O ciberjornalismo, portanto, está apoiado nas possibilidades narrativas e modelos comunicacionais específicos para a internet. As características, segundo Bozza, são construídas por padrões e recursos “criados pelo ciberespaço e pela conectividade com redes computacionais e dispositivos móveis” que alteraram significativamente as práticas e rotinas produtivas, bem como a circulação de conteúdo (2018, p. 112).

The development of digital media technologies has been particularly crucial and radically altered virtually every aspect of news gathering, writing and reporting. The collapse of traditional business models to fund and resource a critical and independent journalism, as well as the absence of any widely accepted alternative funding strategy, has triggered a radical reshaping of journalists’ employment, their work places, products, role perceptions, ethical values and ways of working (Franklin, 2013, p. 1).

A internet interferiu significativamente no fazer jornalístico e de forma muito rápida. Essas transformações, que afetam o funcionamento da sociedade e das estruturas que a compõem, não são de simples compreensão, mas “resultado de um complexo conjunto de fatores (...) que, de fato, se encontra associado aos desenvolvimentos tecnológicos” (Ferreira, 2018, p. 132).

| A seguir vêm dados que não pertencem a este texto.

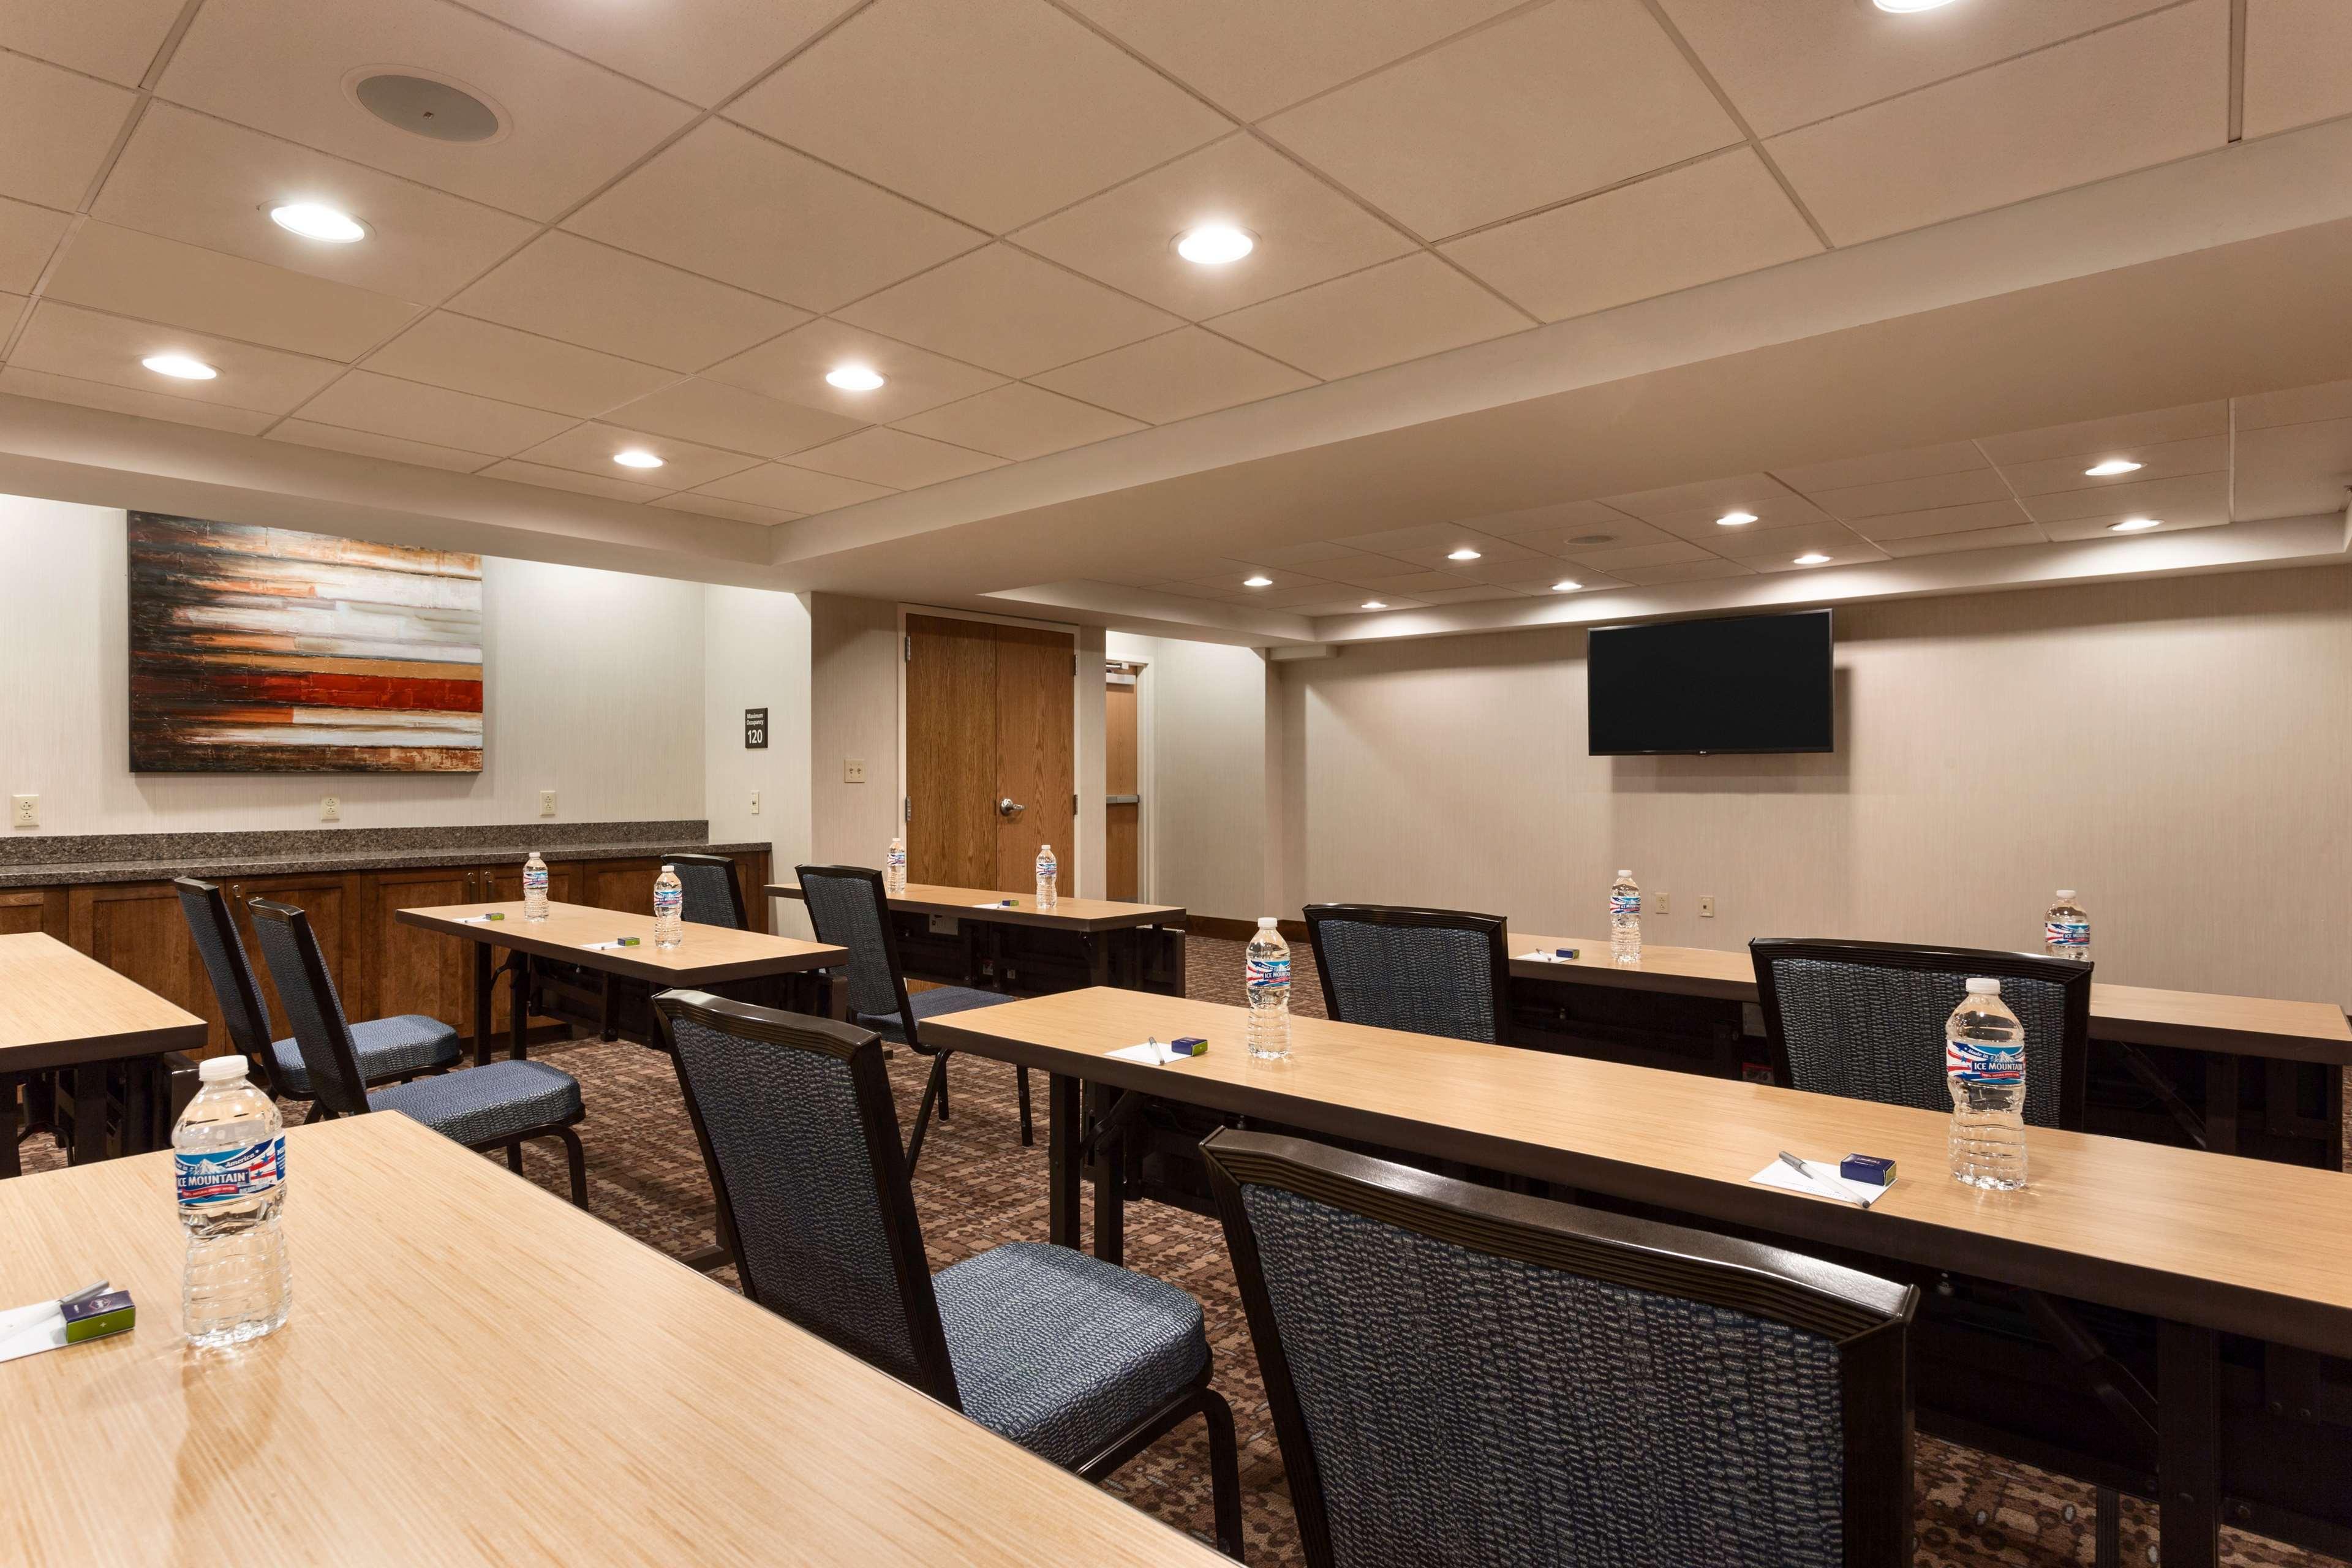 Hampton Inn and Suites Clayton/St Louis-Galleria Area image 31

Suárez-Villegas (2015, p. 394) alerta que as novidades advindas a partir da web não devem ser ignoradas e que elas constituem uma mudança substancial na interação entre veículos e cidadãos. Exatamente por isso, a internet criou grandes expectativas para o jornalismo, que agora poderia deixar para trás determinados vícios da prática diária nas redações de veículos impressos, e buscar uma reconciliação com a sociedade com práticas sociais mais inclusivas e com mais participação dos cidadãos (Correia, 2012, p. 105).